● Exercise description
Determine how many lines of the material below contain "high". Report only that figure.

● Entries provided
──────

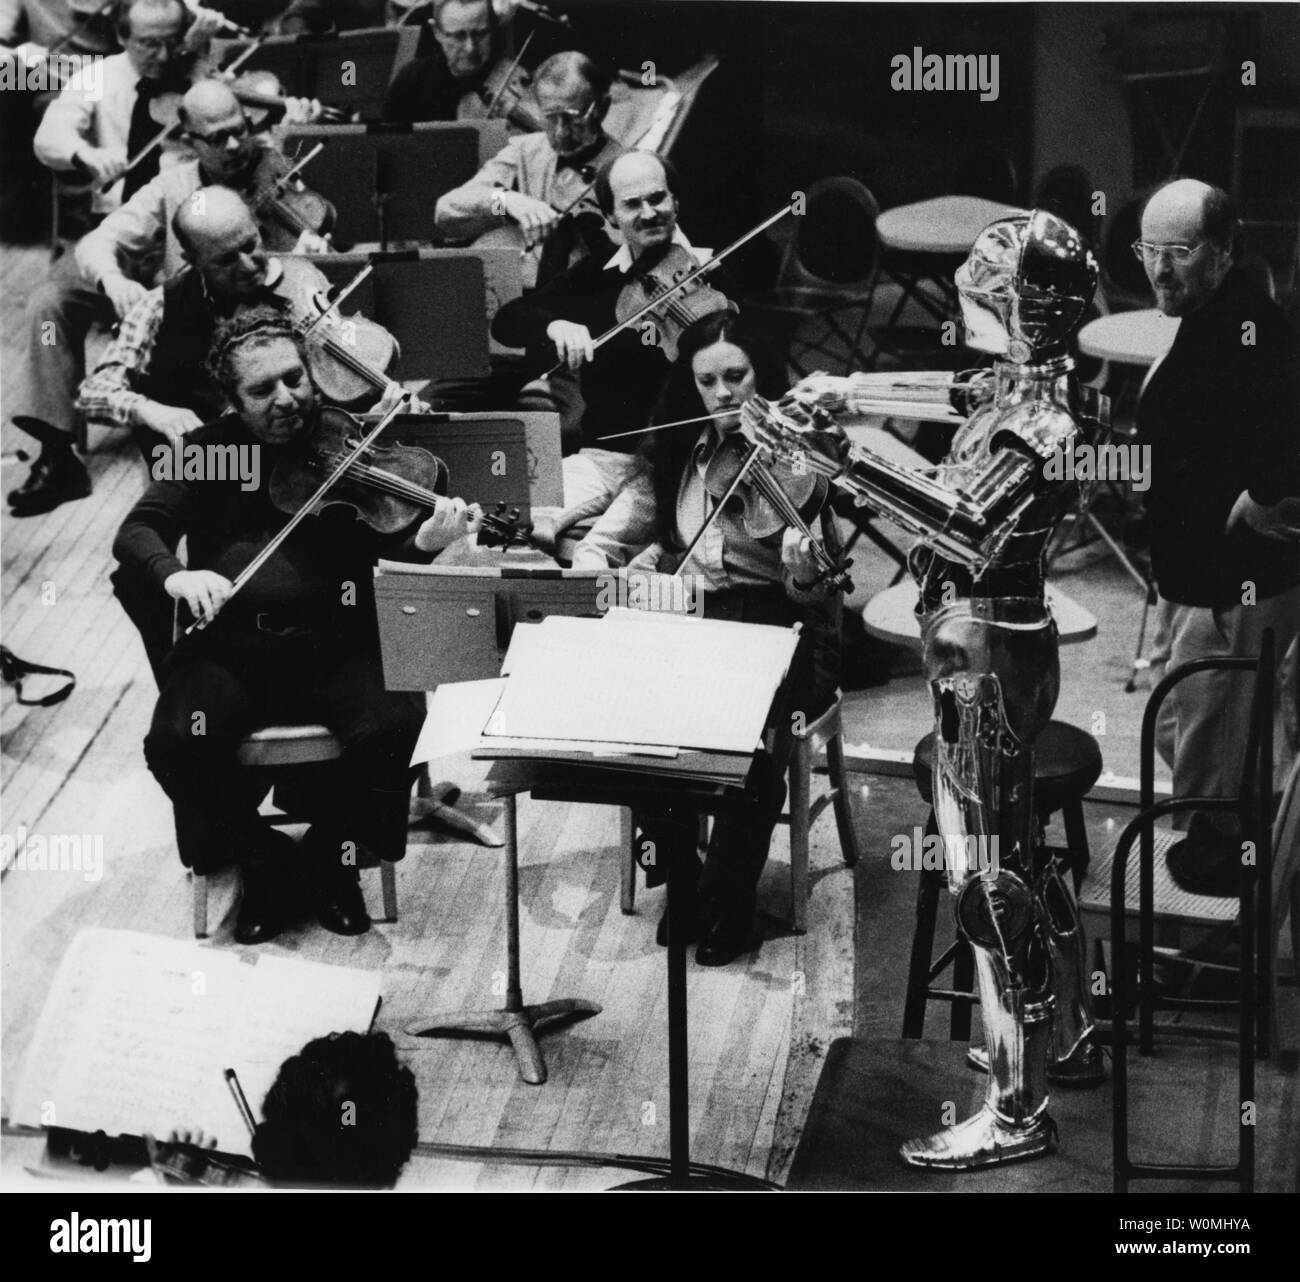 May 4th is the unofficial holiday established by Star Wars fans to celebrate the culture established by the landmark films. Based on the popular quote from the films, 'May the force be with you', fans commonly say 'May the fourth be with you' on this day. In this UPI file photo, John Williams (R), watches C-3PO, a human-shaped, protocol droid, take a hand at conducting the Boston Pops during rehearsal. Williams wrote the score for all six Star Wars films. UPI/Files Stock Photo
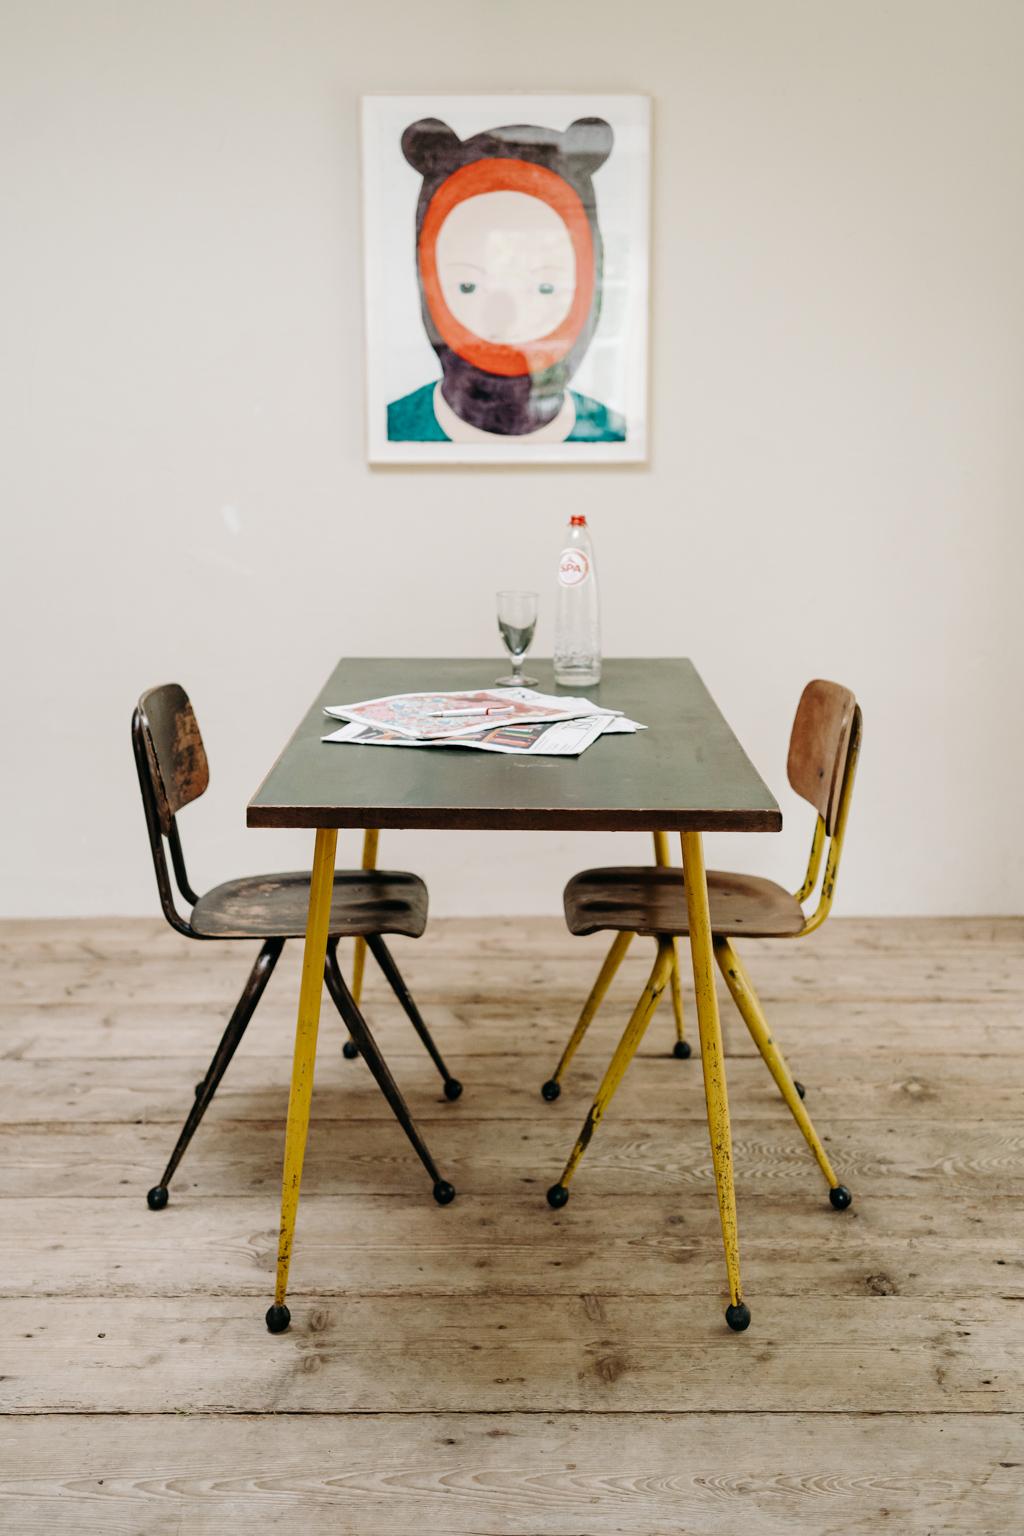 this table and two chairs are by David Chapman, 1909-1978, US architect and Industrial designer
Measures: table 130 cm x 70 cm x 78 cm high
chairs 50 cm deep x 82/45 cm high and 48 cm wide.
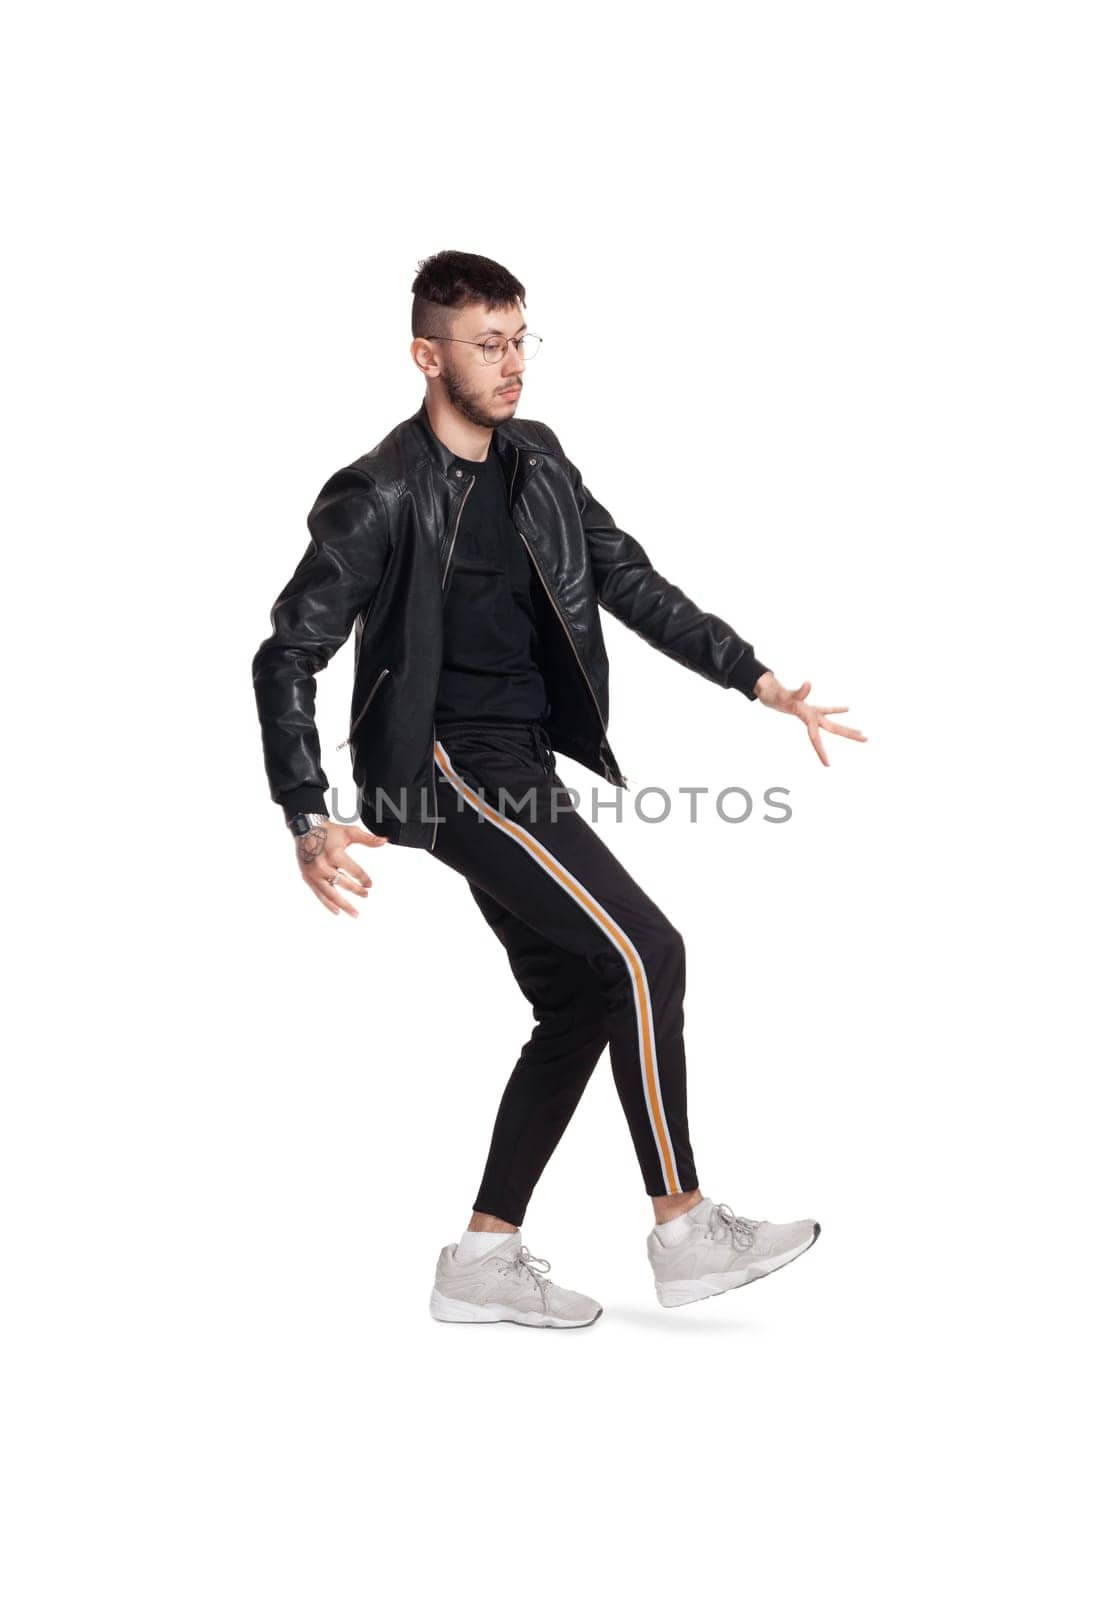 Full-length photo of a modern performer in glasses, black leather jacket, t-shirt, sports pants and light sneakers fooling around in studio. Indoor photo of a graceful man dancing sideways isolated on white background. Music and imagination.
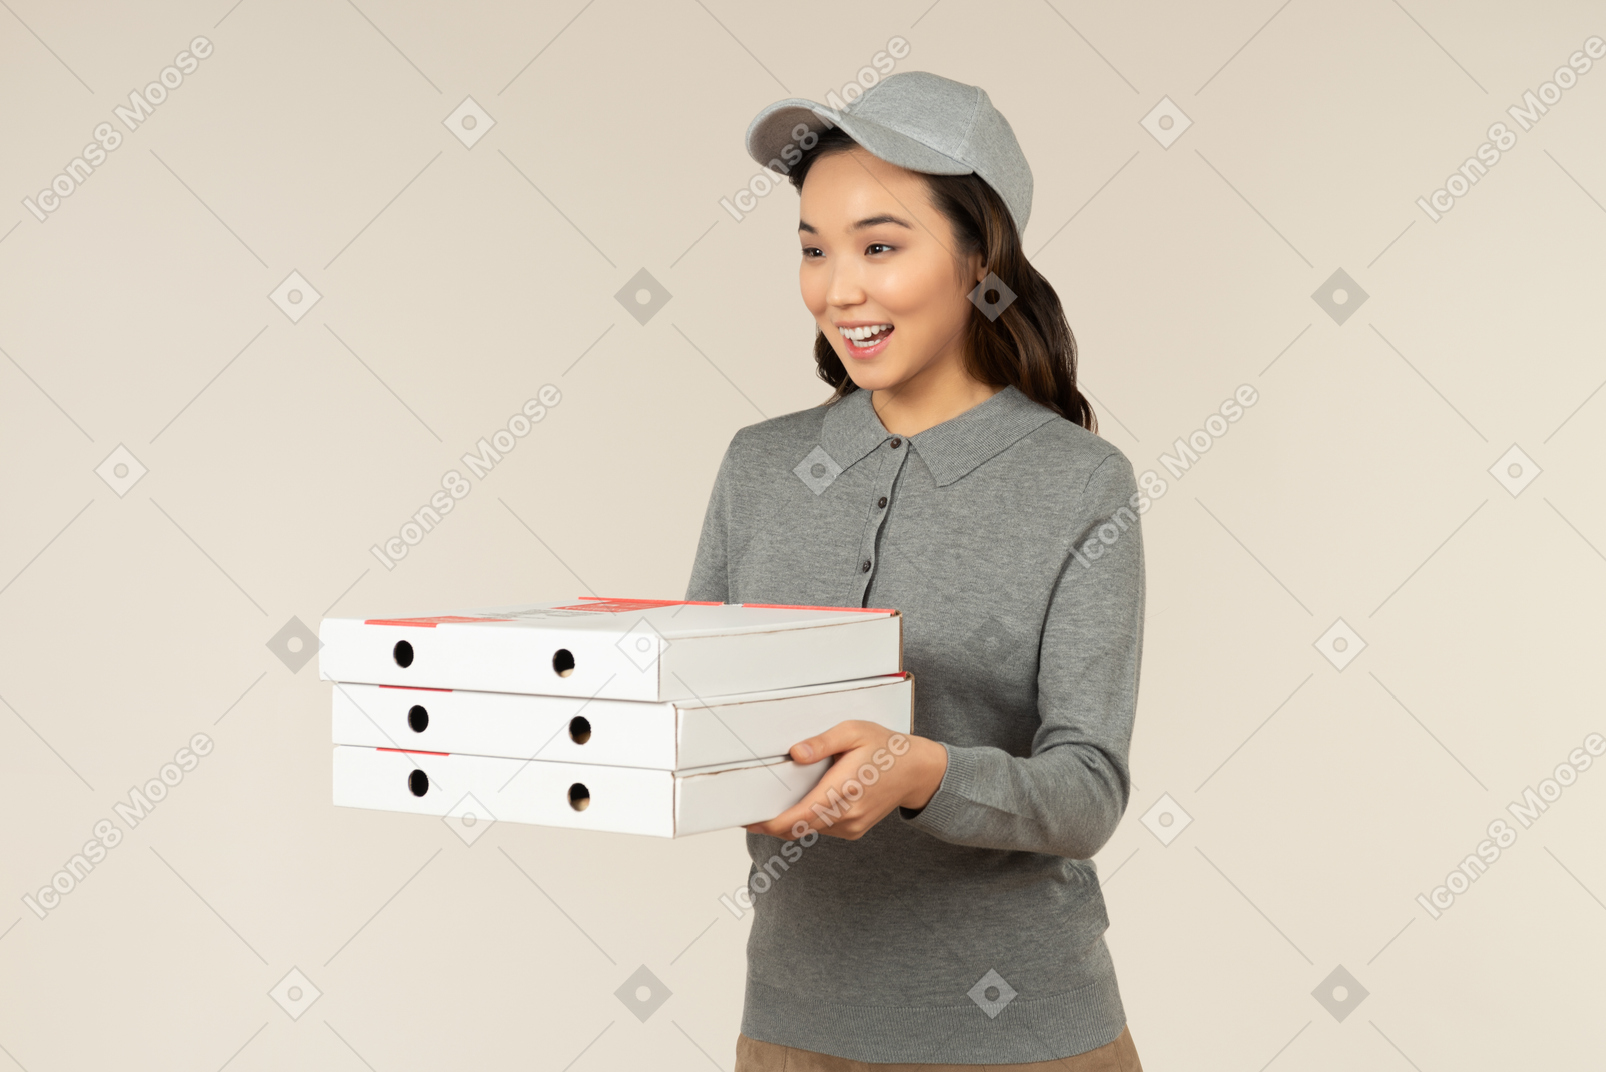 Pizza order is here

──────

● Exercise response
2